Hi team I have encountered this type of situation...
# mlforecast
n
Hi team I have encountered this type of situation several times in some projects that I have carried out, and I make the predictions then represent them visually as shown in the graph. To this result of the predictions I apply a couple of metrics, for example MSE. So far so good, but what happens when I then apply the cross validation and then evaluate the result of cross validation with the metrics, it happens that the best model is not the one I mean when I apply the metrics with the result of the predictions, Why does this discrepancy occur? What can I do to make a decision in these cases? What am I failing? I would expect it to be the same result in the model selection, although numerically the result was different!!! I am using this definition to evaluate cross validation from image
j
You're getting an error of zero with linear regression? I'm pretty sure there's something wrong in your evaluation
n
Hello Jose!!1 Yes the error is zero, but if you see the forecasting graph it makes sense that it is zero
j
Which features are you using? Are you not accidentally passing the target as a feature?
n
mlf = MLForecast(models=models,
freq='MS',
lags=range(1,14,1),
#lag_transforms={1: [expanding_mean],7: [(rolling_mean, 7)] },
target_transforms=[Differences([2]), LocalRobustScaler(scale='iqr')], # LocalRobustScaler(scale='iqr')  Differences([1]), LocalStandardScaler()
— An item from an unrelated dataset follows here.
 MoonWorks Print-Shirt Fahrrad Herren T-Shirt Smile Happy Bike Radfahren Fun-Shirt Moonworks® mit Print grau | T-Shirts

date_features=["year", "month", "day"],
num_threads=2
)
j
I meant exogenous features, the ones you're passing through
X_df
n
When you use the
X_df = test
for the predict, it should not contain the
target = y
variable, only the exogenous variables the
ds
and
unique_id
. You know what's strange about this, it's happened to me on several occasions, and I've decided not to use cross validation on those occasions.
j
The X_df is only used for exogenous features, if you don't have any you don't have to provide it
Which settings are you using for cross_validation (window_size, h, step_size)?
n
I am using using exogenous variables. I am using the same parameters that I use in the fit: # fit the models
mlf.fit(train,fitted=True, static_features= [],
prediction_intervals=PredictionIntervals(n_windows=3, h = 24, method="conformal_distribution") )
cross validation
cv_result_ml = mlf.cross_validation(
train,
n_windows = 3, # number of models to train/splits to perform
h = 24, )
j
Do you have exogenous features? If you do you have to set
static_features=[]
in the cross_validation call as well
n
ah okay. So every time exogenous is used, the parameter static_features=[] must be passed. Now if the result makes sense, the forecast. Thanks Jose!!1
👍 1
@José Morales, a question, is this also valid for statsforecast and neuralforecast, when I have exogenous variables, when i use the cross validaciones?
j
statsforecast doesn't support static features, so they're all dynamic and you don't have to set anything. for neuralforecast you set them in the model constructors, so if you're setting them as
futr_exog_list
it's ok.
n
thank you so much!!! 💪